The Encyclopedia of Algorithms will provide a comprehensive set of solutions to important algorithmic problems for students and researchers interested in quickly locating useful information. The first edition of the reference will focus on high-impact solutions from the most recent decade; later editions will widen the scope of the work.
Nearly 500 entries will be organized alphabetically by problem, with subentries allowing for distinct solutions and special cases to be listed by the year. An entry will include:
a description of the basic algorithmic problem
the input and output specifications
the key results
examples of applications
citations to the key literature
Open problems, links to downloadable code, experimental results, data sets, and illustrations may be provided. All entries will be written by experts with links to Internet sites that outline their research work will be provided. The entries will be peer-reviewed.
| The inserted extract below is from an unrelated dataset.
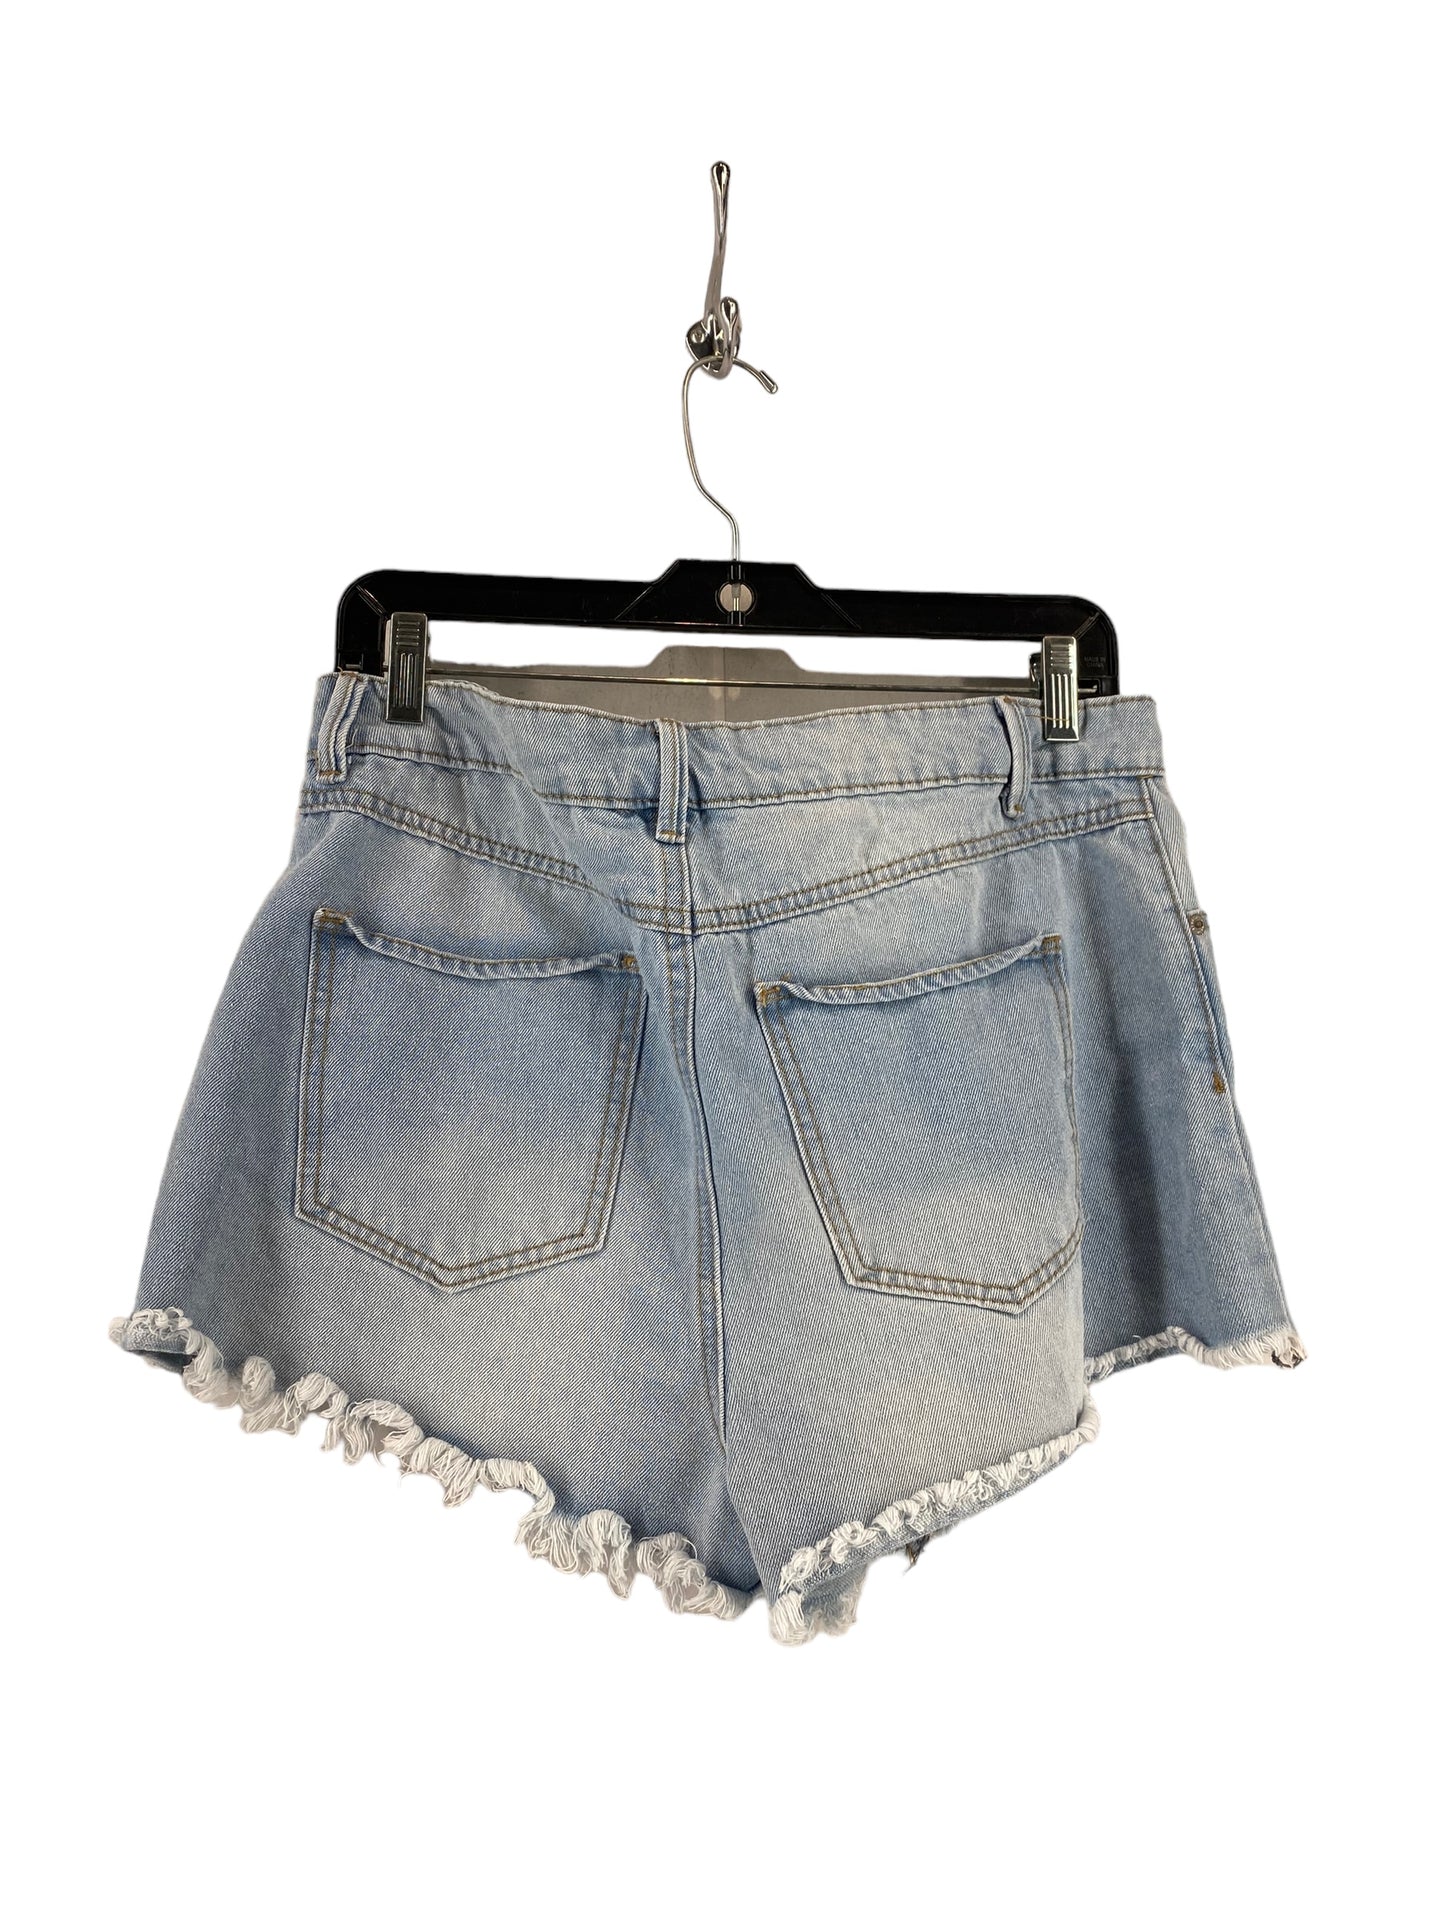 Shorts By Clothes Mentor  Size: 11

This defining reference will be published in print and on line. The print publication will include an index of subjects and authors as well as a chronology for locating recent solutions. The online edition will supplement this index with hyperlinks as well as include hyperlinks in the text of the entries to related entries, xRefer citations, and other useful URLs mentioned above.
Written for:
Entries in this reference will appeal significantly to computer scientists working in a wide range of areas such as Bioinformatics, Cryptography, Data Compression, Medical Informatics, Network and Communication Protocols, Artificial Intelligence, and Pattern Recognition.
The title will also be useful for scholars, students, and professionals who work in fields such as mathematics, statistics, computational biology, economics, finance and stochastics, medical informatics, data mining, industrial engineering, and decision science.